FDA Greenlights Lab-grown Meat for Human Consumption
The FDA has been monitoring the recent emergence of lab-grown meat as a potential contender of regular meat. Instead of relying on livestock for meat supply, this alternative is able to take cells from living animals and grow them in controlled environments. Currently, there is no lab-grown meat available for the general consumer to purchase.1
On November 16, 2022, the FDA finished its first pre-market consultation with lab-grown meat company, UPSIDE. The business’ current model is to use cells from chickens and cultivate them in lab conditions to make cultured meat. Though this is a large step for the artificial meat industry, it should be noted that this does not allow UPSIDE to begin selling, marketing, or distributing its synthetic meat. The FDA has only completed a voluntary evaluation of the company’s shared data and statistics and has not endorsed the sale of lab-grown meat products. As UPSIDE begins to ready their product for the market, they will still need to obtain a grant of inspection from The United States Department of Agriculture Food Safety and Inspection Service (USDA-FSIS) as well as a mark of inspection before it can be sold to consumers.2
Though the FDA has recently approved UPSIDE’s production of lab-grown meat, artificial meat can also encompass meat analogue. Analogue meat is a vegan/vegetarian alternative and includes products made from plants or fungus. Many consumers are likely already aware of meat substitutes such as Quorn, soya meat, tempeh, tofu, kinema, seitan (wheat gluten), and edamame (soybeans).3 As opposed to lab-grown meat, meat analogue has already been successfully mass-produced, distributed, and sold to a variety of grocery stores and chains. Of course, some consumers are hesitant or uninterested in meat analogue due to challenges with sensory characteristics such as taste, smell, texture, etc.3 However, this has not prevented analogue meat from being a viable alternative to traditional livestock meat.

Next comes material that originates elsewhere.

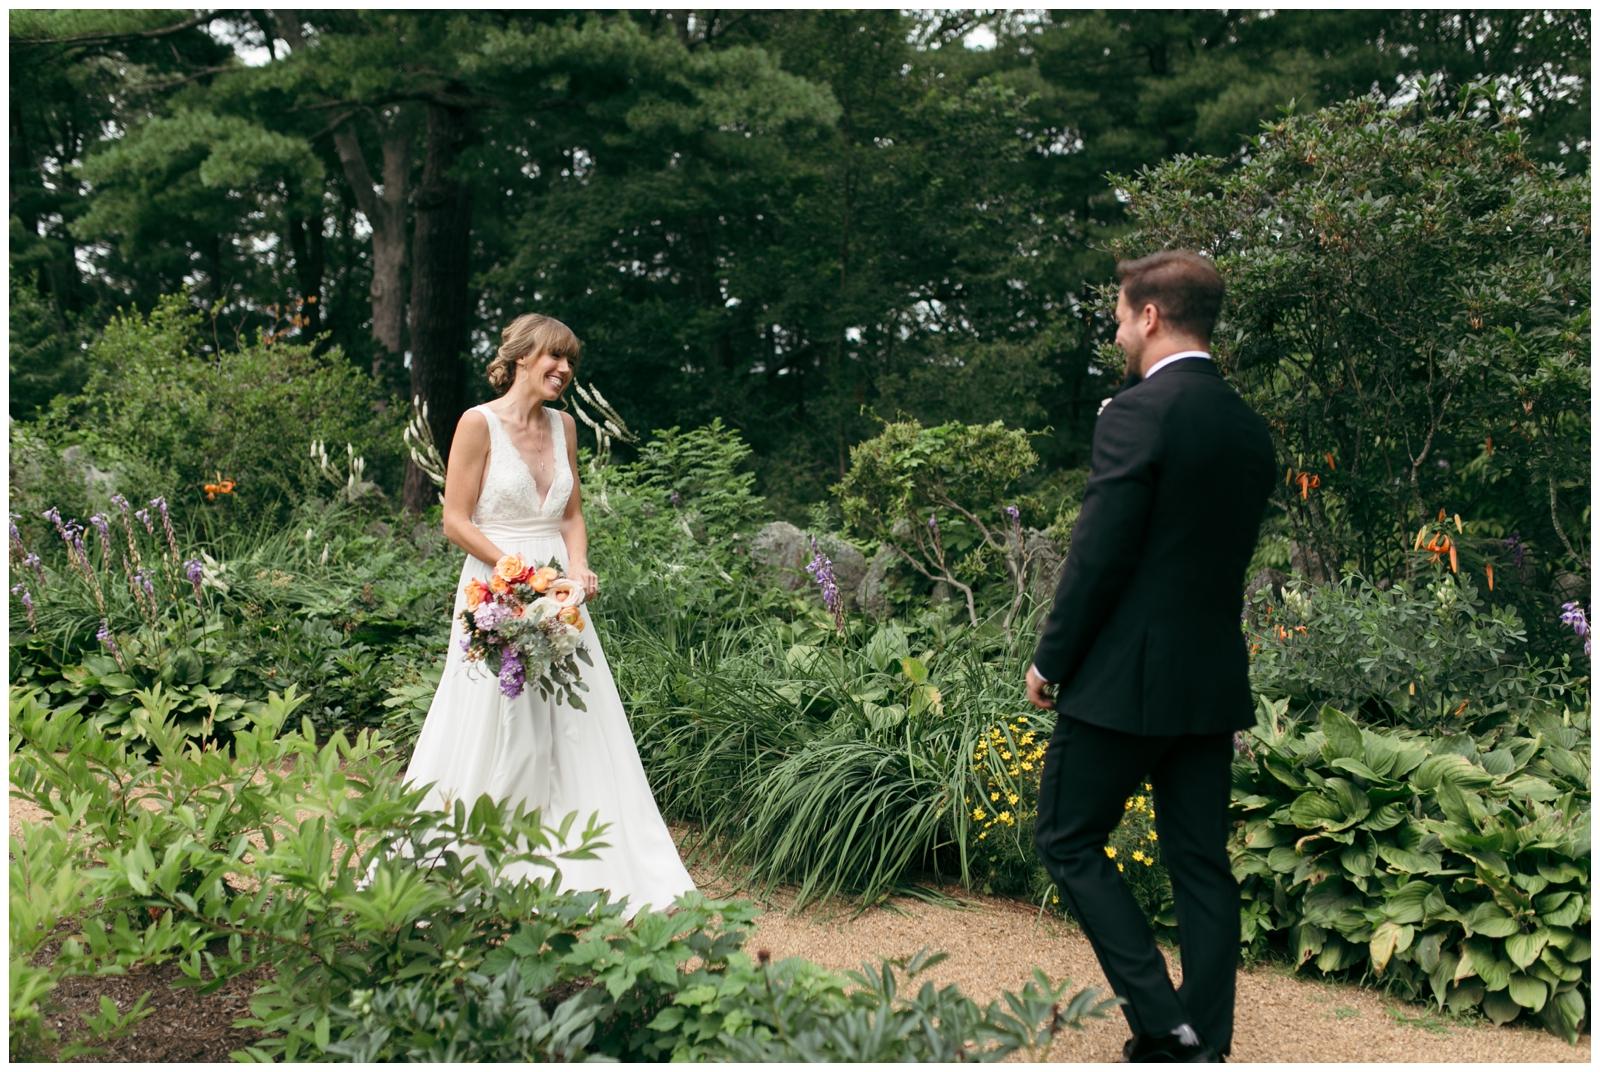 Moraine-Farm-wedding-Bailey-Q-Photo-Massachusetts-wedding-photpgrapher-016.jpg

Likewise, cultured meat may be divided into two categories: in-vitro and GMO. The general approach for most lab-grown meat is to produce a large amount of cells in-vitro using stem cells.4 Under carefully regulated conditions, these stem cells can multiply in-vitro to form multinucleated myotubes. Further stem cell growth forms muscle fibers, which eventually mature into muscle. Finally, this muscle can then be used to create a variety of products like sausage, beefsteak, and burgers.4 Though it sounds simple, a large challenge of lab-grown meat is achieving mass-production. Stem cell scaffold and bioreactor innovation is necessary to optimize production and create an efficient process. Other challenges revolve around the need to ensure a healthy nutritional value and replicate taste, color, and other sensory characteristics.
Compared to traditional meat options, lab-grown meat has experienced difficulty in producing the same level of nutrients. For example, B12 is produced by gut bacteria and is found in regular meat. Since lab-grown meat has no similar gut bacteria, B12 would need to be supplemented to provide this missing nutrition.3 Similarly, iron would need to be added to compete with the nutritional value of livestock meat.3 The required supplementation can become costly and make the meat appear overly processed. Other challenges include a high cost of development, no meat texture, an absence of color, carbon dioxide production, and high energy requirements.
Livestock accounts for a major portion for the world’s total food and protein supply. Unfortunately, such a large industry requires a significant land and freshwater requirement, and also accounts for 18% of global greenhouse gas.4 As the world population is projected to continue growing, some scientists feel that an alternative option must be made available. Lab-grown meat may provide another potential option for reducing the meat industry’s carbon footprint and deliver a more sustainable food choice.
1. Administration, U. S. F. a. D. Human Food Made with Cultured Animal Cells. https://www.fda.gov/food/food-ingredients-packaging/human-food-made-cultured-animal-cells (accessed 2022-11-27).
2. Administration, U. S. F. a. D. FDA Completes First Pre-Market Consultation for Human Food Made Using Animal Cell Culture Technology. https://www.fda.gov/food/cfsan-constituent-updates/fda-completes-first-pre-market-consultation-human-food-made-using-animal-cell-culture-technology (accessed 27 Nov. 2022).
3. Mateti, T.; Laha, A.; Shenoy, P., Artificial Meat Industry: Production Methodology, Challenges, and Future. JOM: Journal of The Minerals, Metals & Materials Society 2022, 74 (9), 3428.
4. Zhang, L.; Hu, Y.; Badar, I. H.; Xia, X.; Kong, B.; Chen, Q., Prospects of artificial meat: Opportunities and challenges around consumer acceptance. Trends in Food Science & Technology 2021, 116, 434-444.